The core membership of GHERG will initially be offered to the editors and regional editors of the Journal of Global Health, who are all independent researchers working for the leading academic institutions. However, GHERG will be open to literally everyone to contribute their data, methods and estimates. It will aim to serve global health community by providing unrestricted open access to its data sets, methods and publications, and continuously revising and updating global health estimates for a targeted set of conditions.

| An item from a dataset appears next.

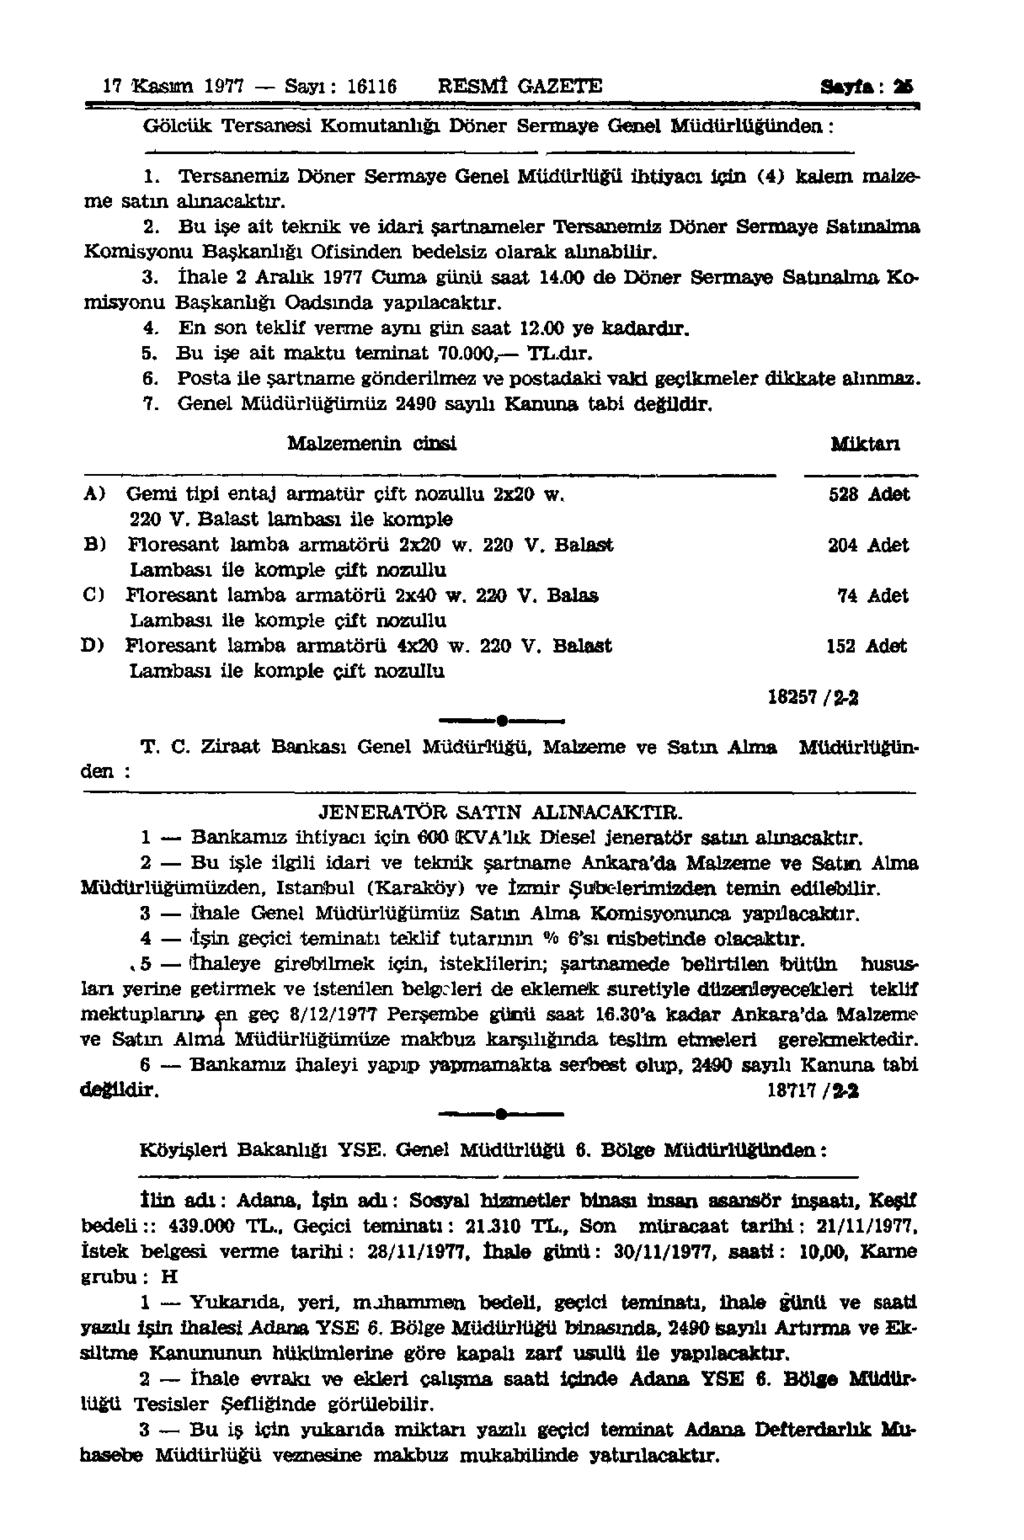 17 Kasım 1977 Sayı: 16116 RESMÎ GAZETE Sayfa: 36 Gölcük Tersanesi Komutanlığı Döner Sermaye Genel Müdürlüğünden: 1.
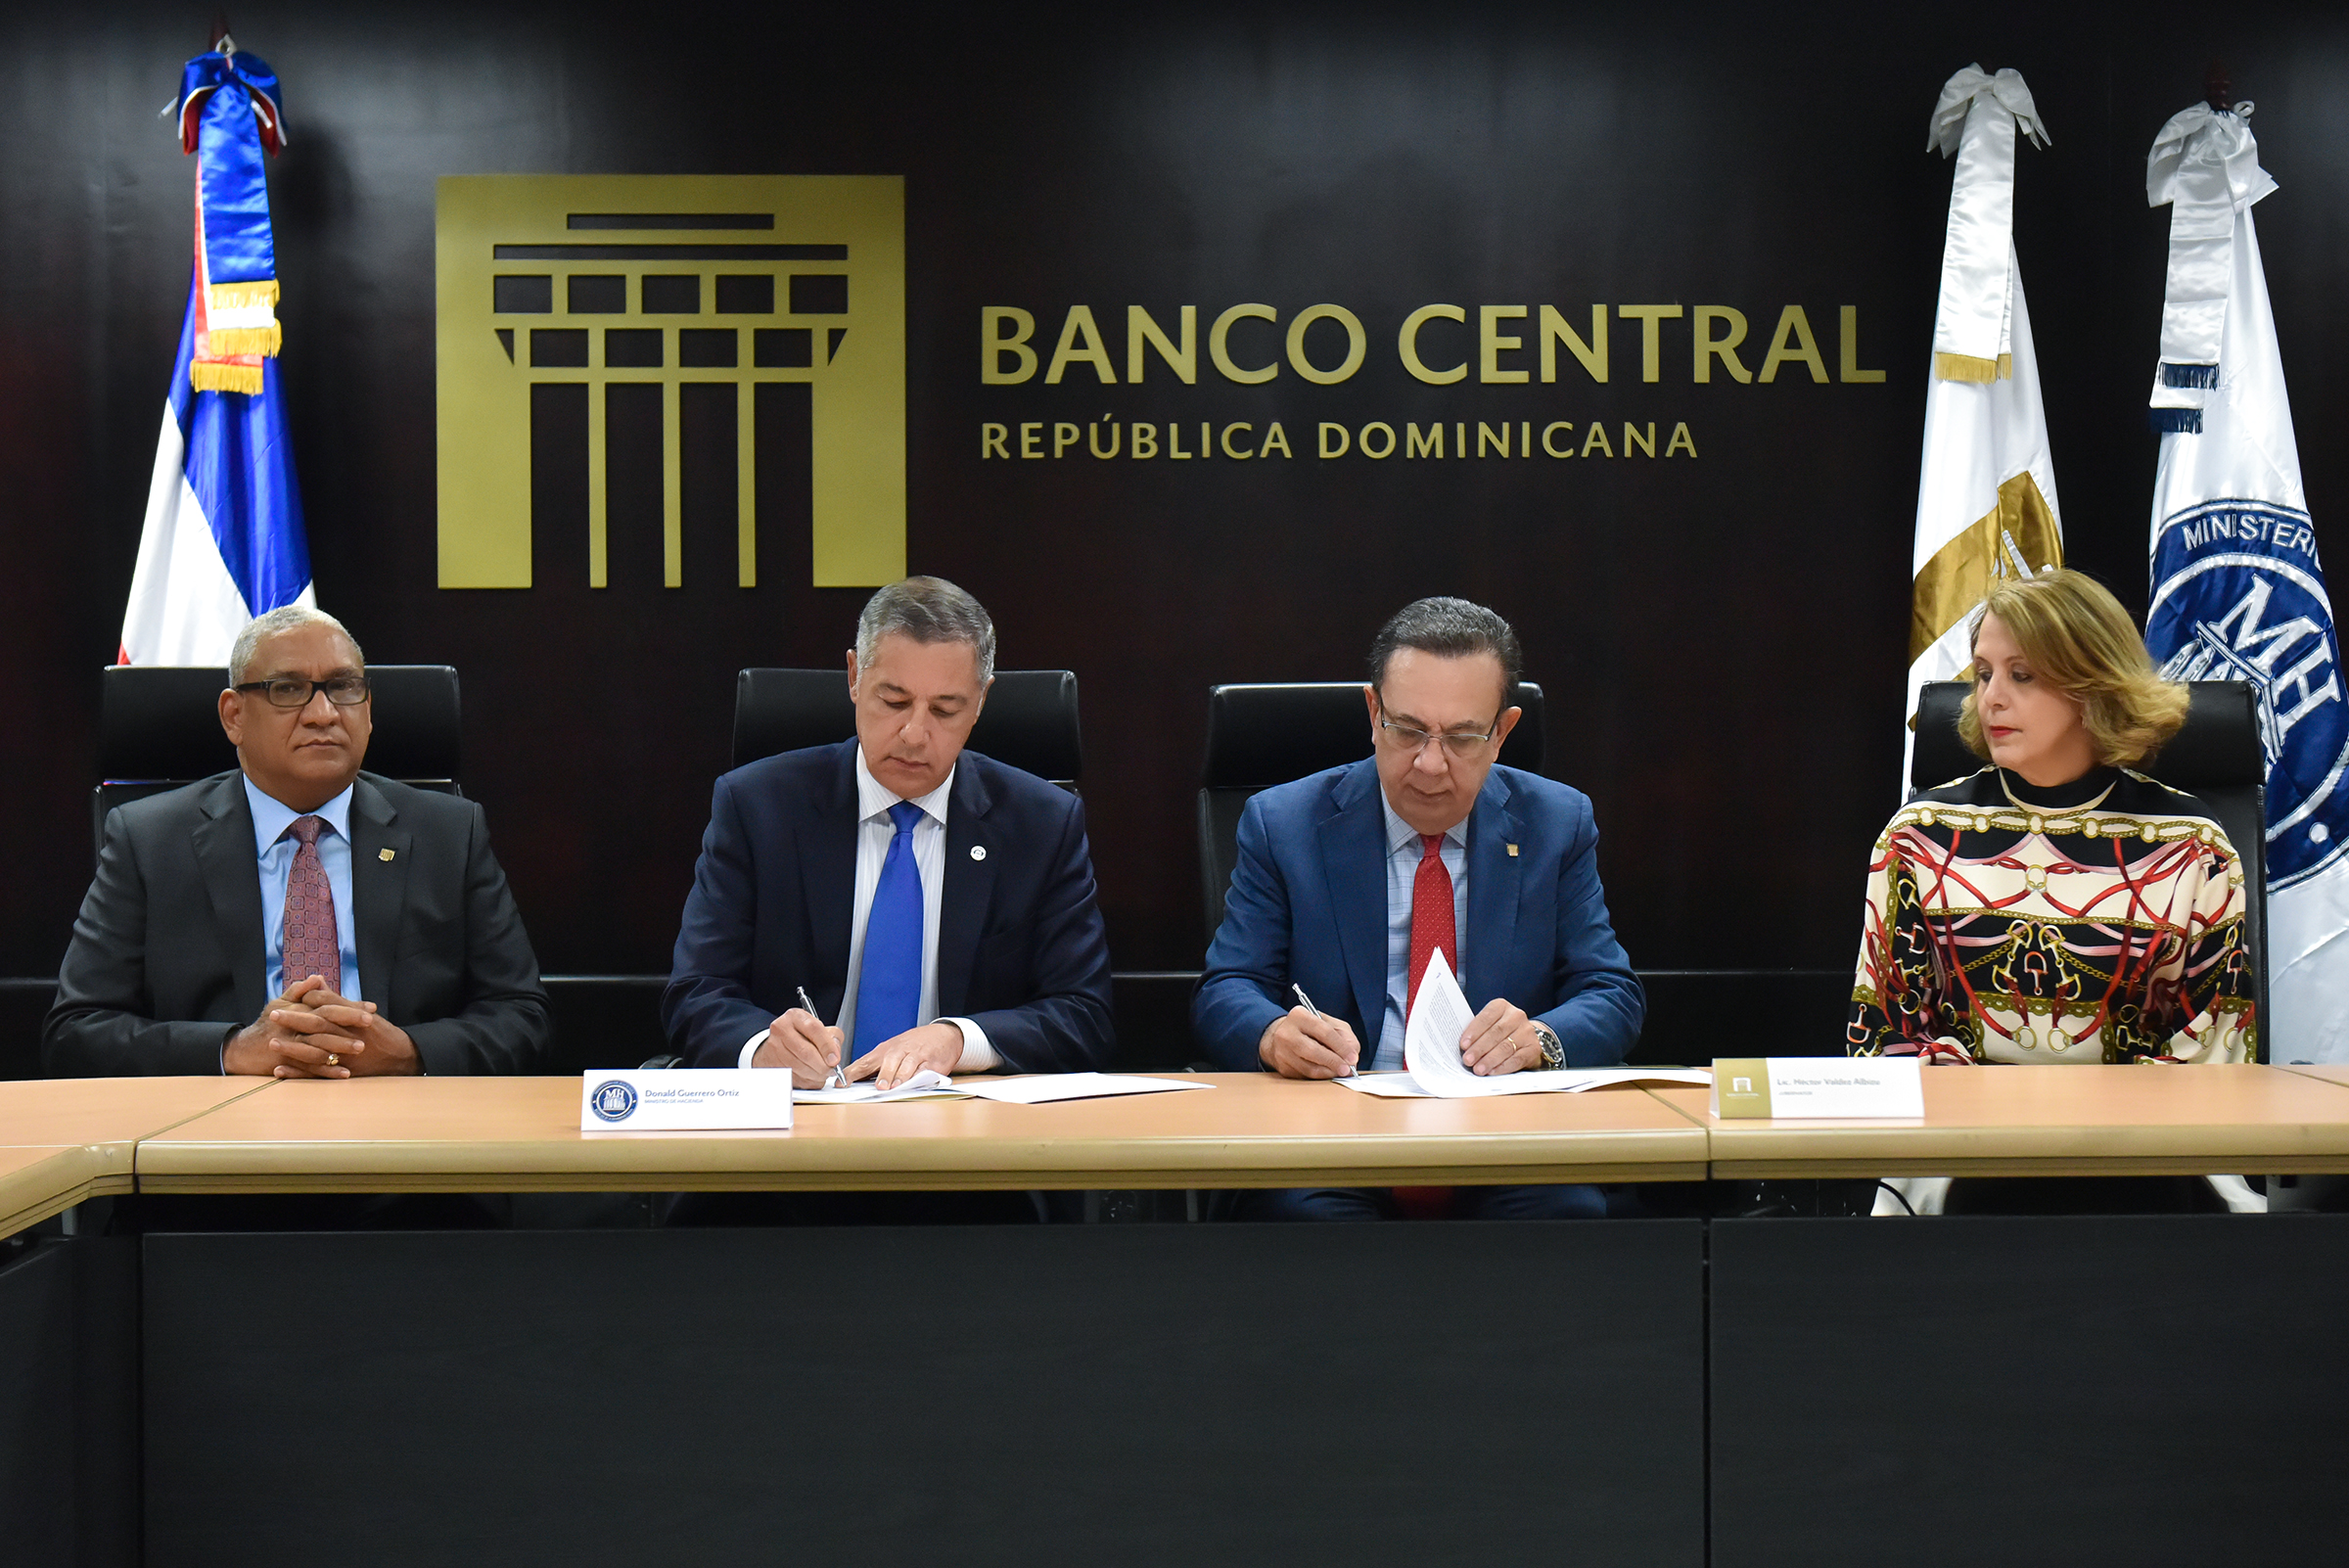 Banco Central y Ministerio de Hacienda acuerdan memorando de entendimiento para nueva Ley de Recapitalización

Accurate global health estimates are extremely important because they expose the key issues, inform health policies, direct funding disbursements and eventually solve problems and save lives. In that sense, they could be viewed as a “matter of life and death”. Because of this, when it comes to global health estimates, we see value in both collaboration and competition. Two, three or even more estimates of the same problem, generated by independent research groups, are certainly more informative and helpful than only one – especially if all of them are fully transparent and their methods can be compared [2]. If the principles of the new guidelines are respected by all research groups in the field, then all different estimates would eventually be expected to converge to the same, reliable set of estimates that we are hoping to deliver to the global health community for their unrestricted use.